La SFAR con­tin­ue de s’ouvrir sur la fran­coph­o­nie. C’est une aven­ture humaine et sci­en­tifique pas­sion­nante qui devrait nous amen­er à créer une fédéra­tion inter­na­tionale fran­coph­o­ne de l’anesthésie réan­i­ma­tion. Il s’agit d’un enjeu cru­cial pour la for­ma­tion, la dif­fu­sion des savoirs et les échanges entre pro­fes­sion­nels.

Quelles sont vos recom­man­da­tions en matière d’anesthésie pour la chirurgie pédi­a­trique ?

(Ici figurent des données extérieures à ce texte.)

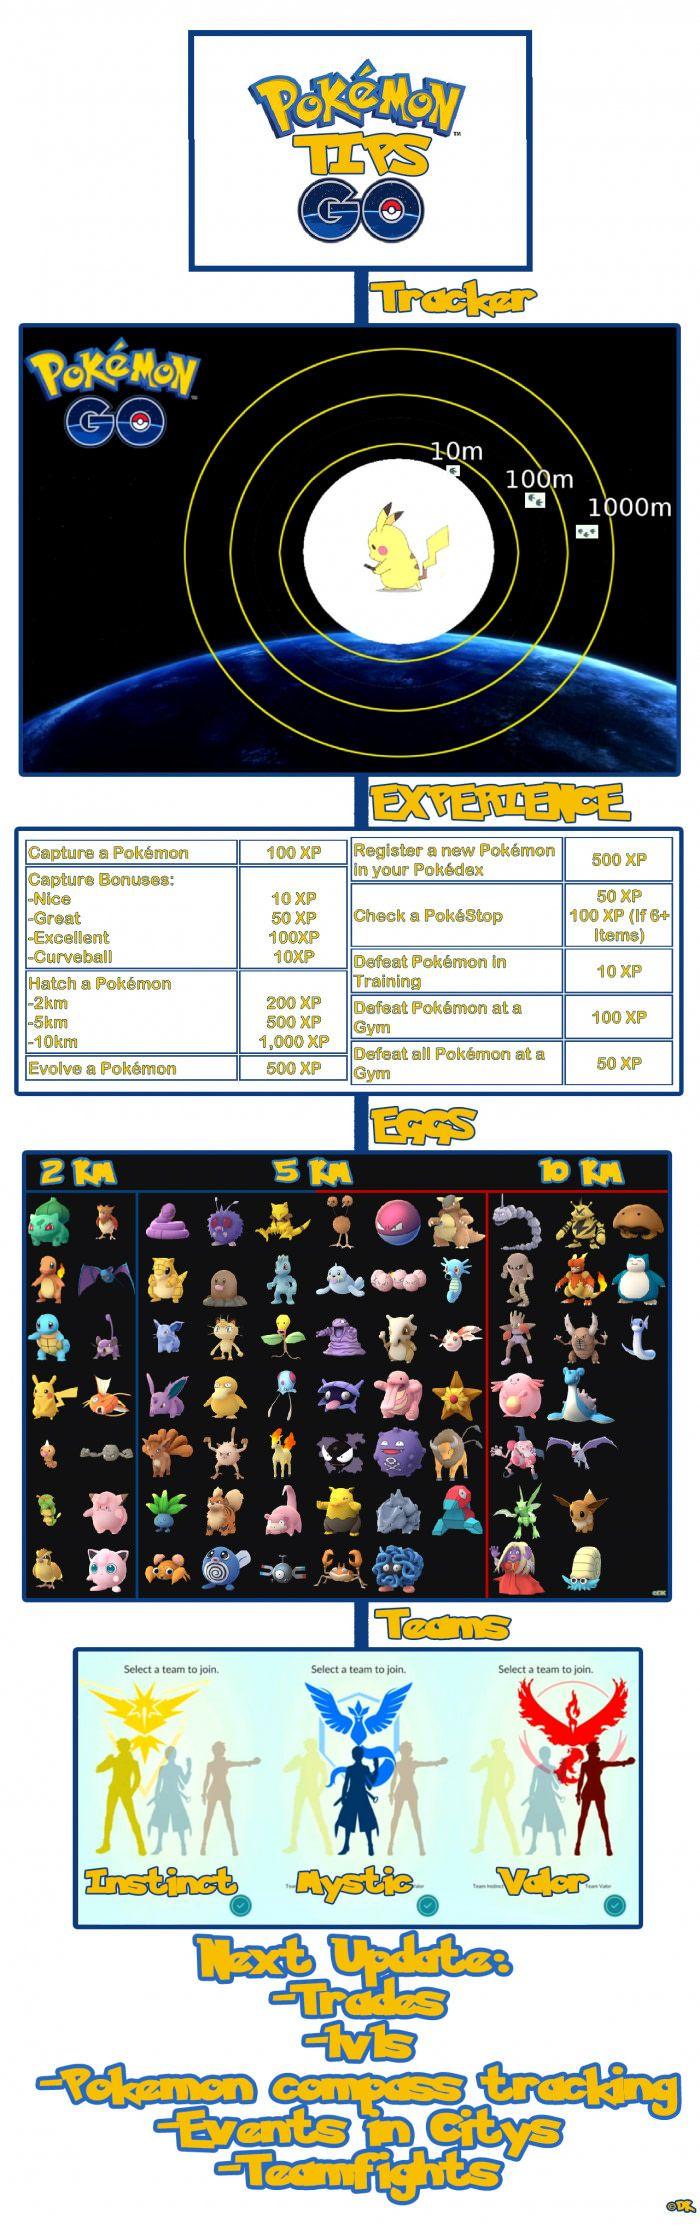 Pokemon GO Tips. Pokemon Go - Get Pokecoins http://ibourl.com/33ao

Le but des recom­man­da­tions for­mal­isées d’experts (RFE) en matière d’anesthésie pour chirurgie pédi­a­trique est, en réponse à une sinis­tral­ité réelle, de sécuris­er et d’optimiser la prise en charge des enfants dans le par­cours chirur­gi­cal. La recom­man­da­tion élaborée sur la base de la lit­téra­ture inter­na­tionale, a été votée en Jan­vi­er 2023 à l’unanimité lors d’un con­seil d’administration de la SFAR qui est par­i­taire et représen­tatif des dif­férents modes d’exercice. Cette RFE a un impact organ­i­sa­tion­nel, c’est pourquoi, pour per­me­t­tre à toutes les équipes de s’adapter, la SFAR a pro­posé un mora­toire jusqu’à la fin du 1er trimestre 2024. Ces recom­man­da­tions sont perçues comme une révo­lu­tion alors qu’elles rassem­blent essen­tielle­ment au sein d’un texte unique des pré­con­i­sa­tions en matière de for­ma­tion con­tin­ue ou d’activité min­i­male présentes dès 2004 dans les sché­mas régionaux organ­i­sa­tion­nels. Le rap­pel de ces exi­gences a incité les étab­lisse­ments à une réor­gan­i­sa­tion in fine béné­fique pour tous et en adéqua­tion avec l’exercice de la pro­fes­sion. Quel par­ent con­fierait son enfant à un anesthé­siste-réan­i­ma­teur qui ne fait jamais de pédi­a­trie ou ne met pas à jour ses com­pé­tences ? Pour aider les pro­fes­sion­nels à struc­tur­er leur activ­ité et fournir des clefs de lec­ture de la RFE, la SFAR a mis en place une « hot­line ». Celle-ci est acces­si­ble via l’adresse e‑mail avis pédia, der­rière laque­lle « se cache » un groupe d’anesthésistes-réanimateurs pédi­a­triques experts, issus de dif­férents modes d’exercice ; ils répon­dent au plus en 48 heures. Cela fait par­tie des mis­sions de la SFAR que d’accompagner la mise en place de ses recom­man­da­tions.